Bullous pemphigoid (BP) is a rare and difficult-to-treat autoimmune skin blistering disease characterized by the presence of an autoimmune response against type XVII collagen (COL17, BP180) and BP230, and presents with blisters and erythema, and/or urticarial plaques, where itch is clinically a leading symptom (1–4). Binding of autoantibodies to their antigens attenuate skin integrity and initiate a cascade of the inflammatory response (5). This response is mainly mediated by infiltration of inflammatory cells, deposition of complement, and activation of proteases and reactive oxygen species which finally result in blister formation (5). Cytokines, as regulators of inflammatory and immune reactions in the skin, contribute to inflammatory blister induction by recruitment of inflammatory cells as well as activation of resident cells (6).
Humoral immune-mediated mechanisms and cytokine involvement have been described in the pathogenesis of autoimmune blistering disorders (7). High levels of proinflammatory cytokines interleukin (IL) 1 alpha (IL-1α), IL-1β, IL-8, and TNF-α have been detected in the BP patients (8–10). IL-1α and IL-1β are two proinflammatory cytokines belong to the IL-1 family. IL-1 has central roles in infection, inflammation, and disease which the inflammatory process is initiated by IL-1α but multiplied and retained by both forms (11). Tumor necrosis factor- α (TNF- α) is another proinflammatory cytokine and acts as a central and multifunctional mediator of diverse cellular events (12). IL-1 and TNF- α can subsequently induce cytokines involved in leukocyte attraction, including IL-8 (13). IL-8 is a chemoattractant cytokine produced by a variety of cell types which contribute to a variety of proinflammatory activities (14).

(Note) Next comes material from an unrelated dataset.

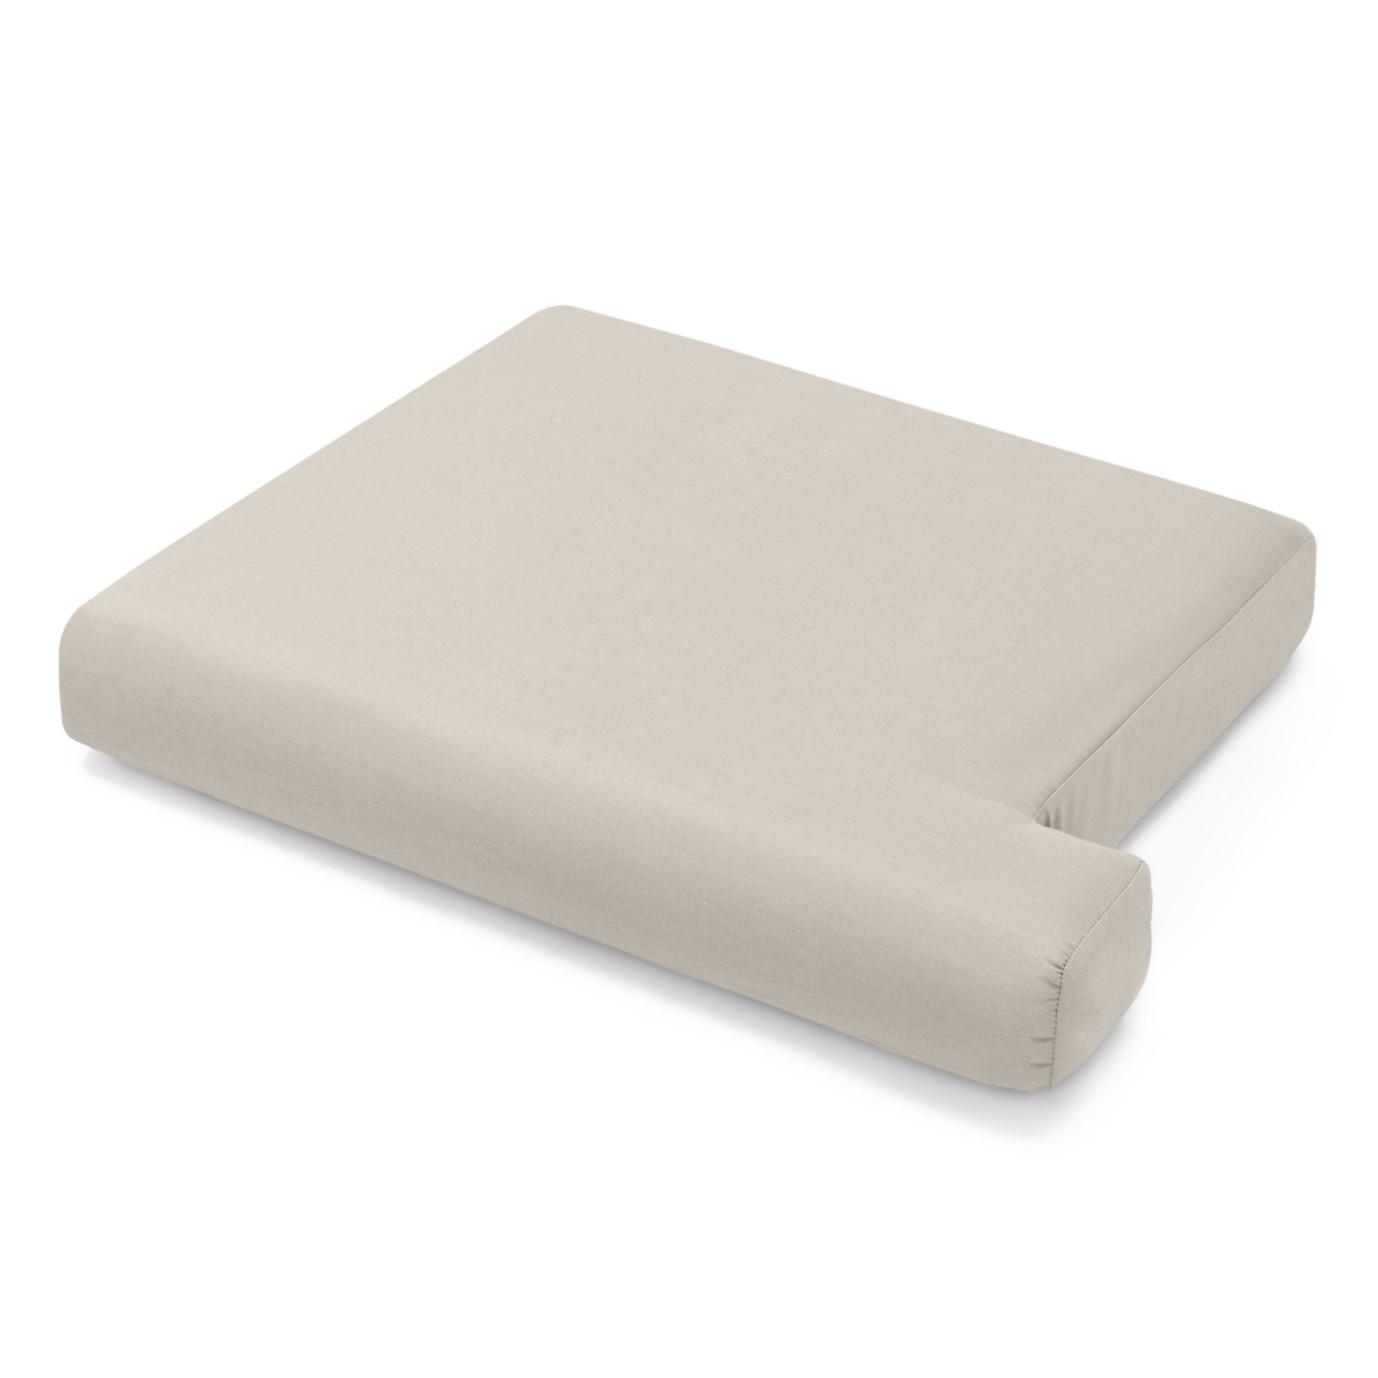 Portofino Comfort 71in Loveseat Left Base Cushion - Taupe Mist

Cytokine gene polymorphisms may influence the induction and release of cytokines, contribute to the disease-associated cytokine imbalance, and thereby affect the susceptibility to autoimmune diseases (15, 16). Gene polymorphisms of IL-1α, IL-1β, IL-8, and TNF-α cytokines have substantially been studied in several autoimmune diseases. To date, the contribution of cytokine polymorphisms in BP disease has not been investigated in great detail. One study investigated the cytokine polymorphisms in a Chinese cohort (17). One additional study focused on single polymorphism in TNF-α in Iranian population (18). In the Chinese cohort, a polymorphism in the IL-1β was identified in female patients only. In our study, in Iranian BP patients, we found no significant association of BP with TNF polymorphisms. With the exception of these two studies, no data is available about the association between proinflammatory cytokine polymorphisms and the development of BP. Since these polymorphisms might be associated with susceptibility to the diseases, the present study designed to examine the frequency of different polymorphisms in Iranian BP patients compared with healthy individuals. Due to different gene expression as a result of polymorphism, the RNA expression was evaluated in patients with different allelic variation and furthermore, compared with control subjects.
Materials and Methods
Patients with BP disease were selected from Iranian patients attending the Shohada Tajrish, Loghman Hakim, and Razi hospitals in Tehran between 2013 and 2016. The patient group (n = 40) consisted of 12 males and 28 females, with an age ranging from 47 to 100 years with a mean age of 69.9 ± 2.01 years. BP was diagnosed based on clinical presentation, subepidermal blister on skin biopsy, compatible light microscopy findings, and positive direct immunofluorescence microscopy (DIF) data according to investigational assessment guidelines (19). Samples of the patients were collected immediately after diagnosis of BP and the peri-procedural assessment was performed by using the initial data analysis of the patients. Samples with a lack of demographic data or inappropriate processing of initial laboratory specimens which could bias the study are excluded. Relevant information was taken from all study participants such as suffering from autoimmune diseases, past history of BP, skin diseases, and heart diseases using questionnaires. Furthermore, 84 samples from patients with pemphigus vulgaris (PV) were used as control patients. Clinical presentation, as well as direct and indirect immunofluorescence, were performed for the diagnosis of PV. Furthermore, autoantibodies against desmoglein 3 were detected in all PV patients. Local ethics committee (Human Research Ethics Committee of Skin Research Center, Shahid Beheshti University of Medical Sciences) considered and approved the study protocol. Informed patient consent was obtained and the principles outlined in the Declaration of Helsinki was conducted in the study. Unrelated sex and age-matched healthy volunteers were also recruited without any evidence of previous BP. Control individuals (n = 40) included 20 males and 20 females, aged 46 to 92 years with a mean age of 64.7 ± 1.72 years.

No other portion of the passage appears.